6.8.2.1 Connection Life Cycle and Connection Pooling
A component can get a connection to a database in any client- or container-invoked method. We recommend that components open and close their connections within a single method, rather than holding connection state across methods. Only when the design of an application requires components to share connections across component instances or method invocations should connections be retained.
A component can retain a connection across methods at the cost of additional system resources and added programming model complexity required to manage the connection. One example might be a stateful session bean instance that retains the results of queries and database access operations across methods. The session bean gets a connection and starts a transaction through it. The transaction itself is handled internally by database with no external transaction management. Since the session bean wants to have this transaction span multiple methods, it must keep the connection open across method invocations.

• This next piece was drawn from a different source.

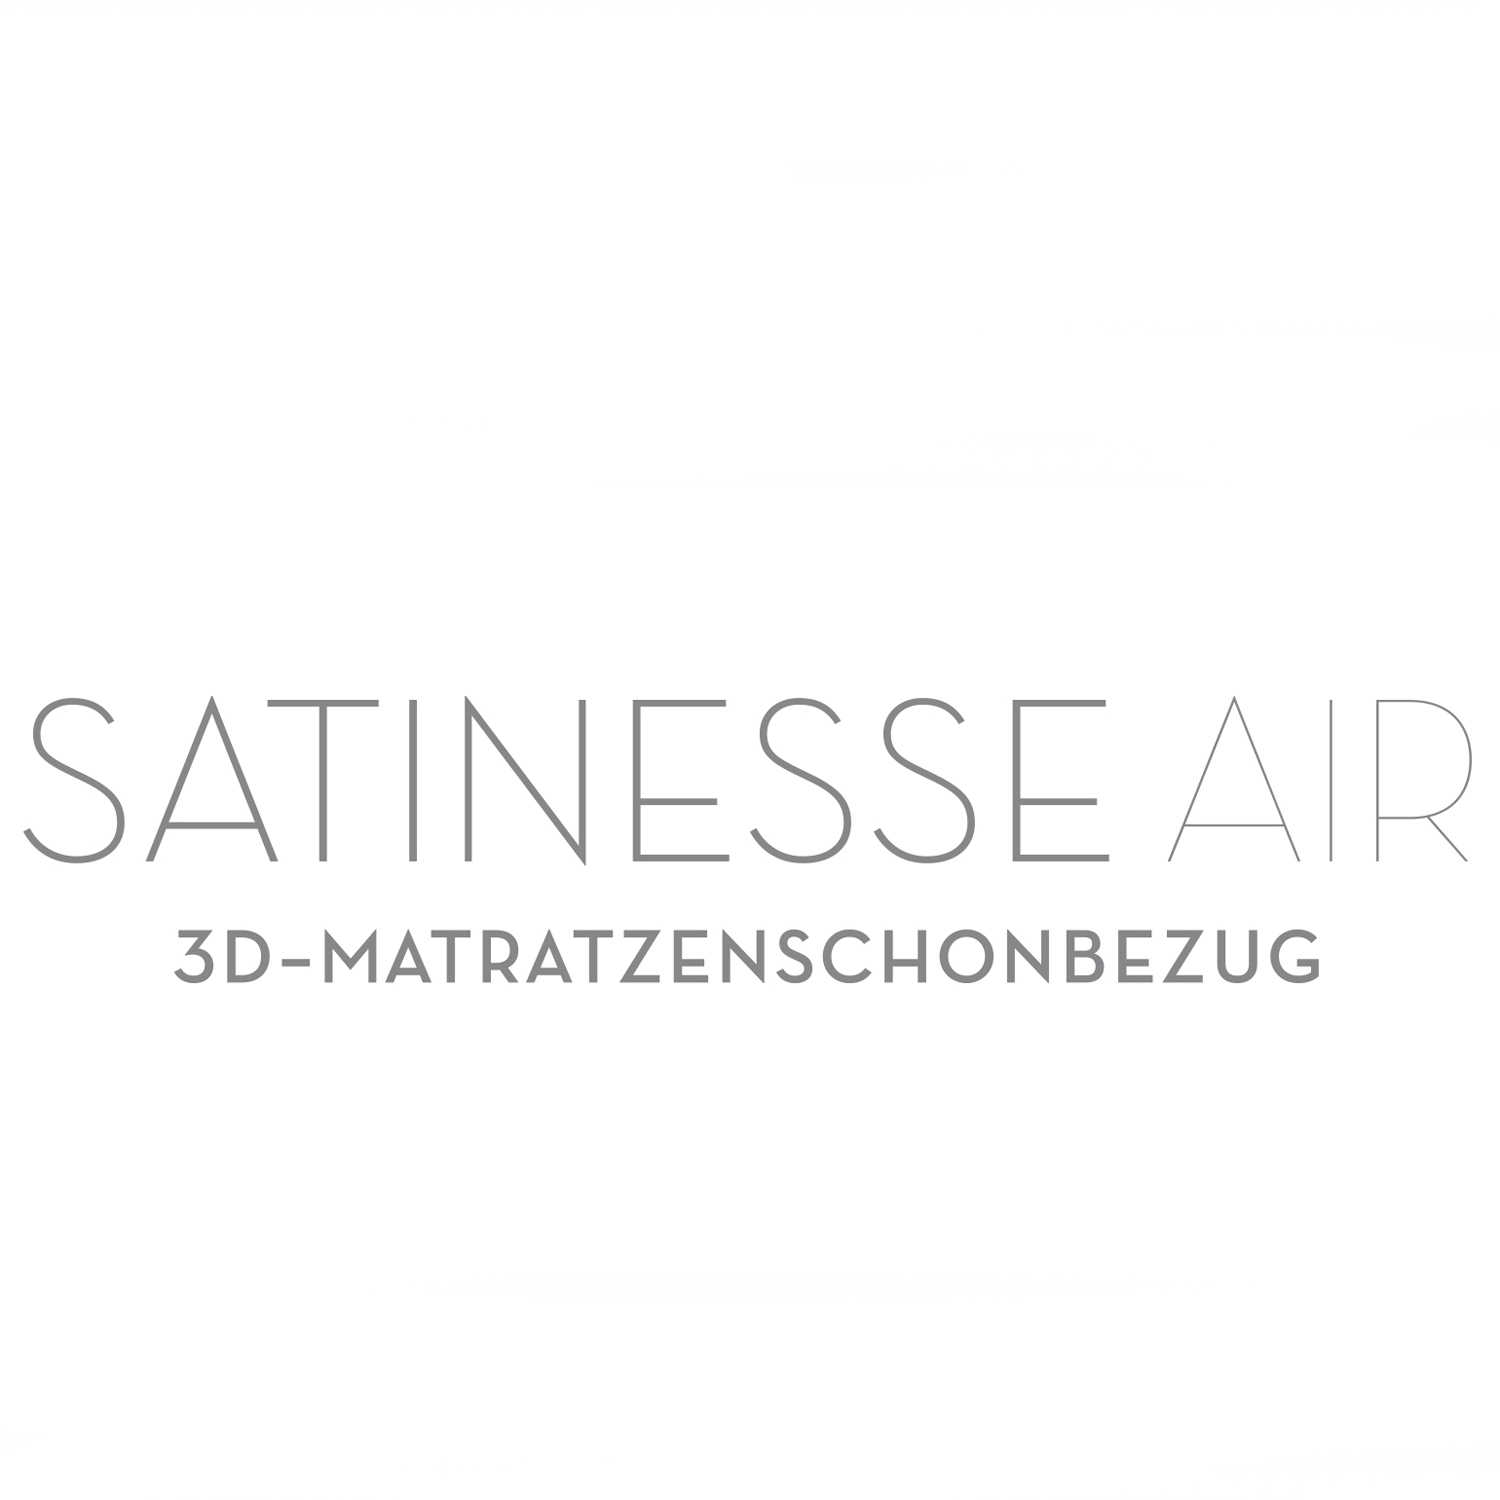 FORMESSE Kissenschonbezug Satinesse Air Silver wollweiß 40x80cm

Ideally, containers should take care of connection sharing. But currently the J2EE platform defines no standardized way of implementing connection sharing across different containers. Until a connection sharing mechanism is standardized for containers, a component can choose to do connection sharing through vendor-specific mechanisms offered by different containers and JDBC drivers. This comes at the cost of portability across containers.
6.8.2.2 Connection Management by Component Type
A J2EE application is typically composed of components of different types: JSP pages, servlets, and enterprise beans. These component types vary in terms of support for container-managed activation and passivation, execution of an instance for multiple clients, sharing of an instance across multiple clients, long-lived nature, and other factors. The Application Component Provider has to account for such differences across component types when deciding on a connection management model for an application. Here are a few examples that illustrate these differences.
A JSP page or servlet acquires and holds on to a JDBC connection in relation to the life cycle of its HTTP session. It can handle multiple HTTP requests across a single HTTP session from Web clients using the same JDBC connection.
A stateful session bean can share an open connection and its client-specific query results across multiple methods. However stateless session beans are designed to have no state specific to a client. So if stateless session beans share a connection across methods, they are required to maintain no client-specific state associated with the connection.
For entity beans, the EJB specification identifies methods that are allowed to perform enterprise information system access through a connection. These include ejbCreate, ejbPostCreate, ejbRemove, ejbFind, ejbActivate, ejbLoad, ejbStore, and business methods from the remote interface. An entity bean cannot access enterprise information systems from within the setEntityContext and unsetEntityContext methods because a container does not have a meaningful transaction or security context when they are called.
6.8.2.3 Multiple Connections
Some JDBC drivers don't support multiple concurrent connections under a single transaction. To be portable, components should avoid opening multiple concurrent connections to a single database. However, multiple component instances can access the same database using different connections.